C’è chi illustra i dettagli dell’ultimo viaggio, mostra le fotografie con lo smartphone, le ingrandisce, spiega, sciorina aneddoti; il solito malinconico si versa un bicchiere di vino e accenna, fingendo di non volerne parlare, all’ultima relazione finita male; la donna ancora piacente concede e non concede; quello celebre per le conquiste amorose si insinua in ogni spiraglio offertogli; uno sovrappeso racconta barzellette. Eccetera.
E Paolo dov’è?
Paolo non è venuto. Ha preferito rimanere a casa.
Con la stessa ferocia con la quale sino a un attimo prima ciascuno parlava, spiattellava motivi e modi della propria esistenza, adesso tutti vogliono esprimere un giudizio sull’assenza di Paolo.
Al dolce si arriva a convenire che Paolo ha sempre mostrato un insopportabile senso di superiorità.
– Anche quando è con noi, – dice qualcuno, – si vede che c’è e non c’è, che in fondo non gli interessa frequentarci.
Se solo gli amici sapessero che non è affatto senso di superiorità, quello di Paolo.
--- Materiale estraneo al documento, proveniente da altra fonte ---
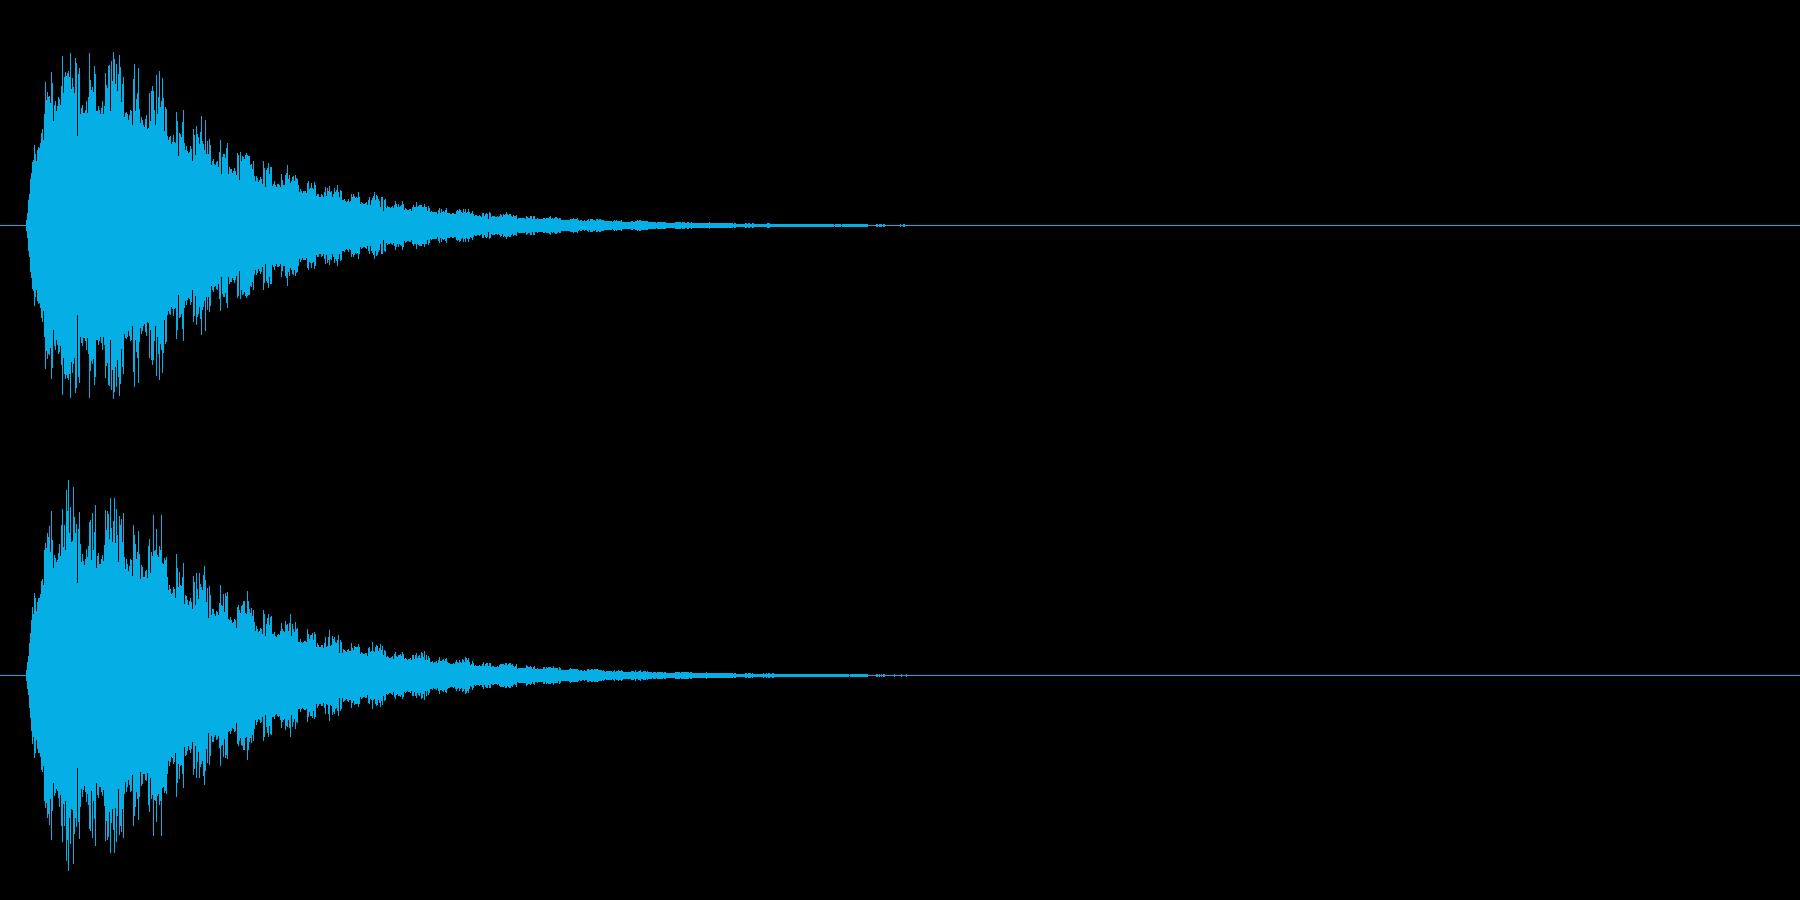 ピィヨォォォンの再生済みの波形

Sottraendosi alla violenza delle relazioni, a quella giostra senza vincitori che è il dialogo, Paolo è l’unico a volere davvero e ugualmente bene a tutti, a volere davvero e ugualmente il bene di tutti.
Paolo è il solo ad aver capito che l’assenza non è la più vile delle scelte (vile è semmai arrogarsi il diritto di selezionare e preferire), bensì l’unica scelta senza scampo.
La vera scrittura è senza scampo. La vera scrittura dice l’assenza.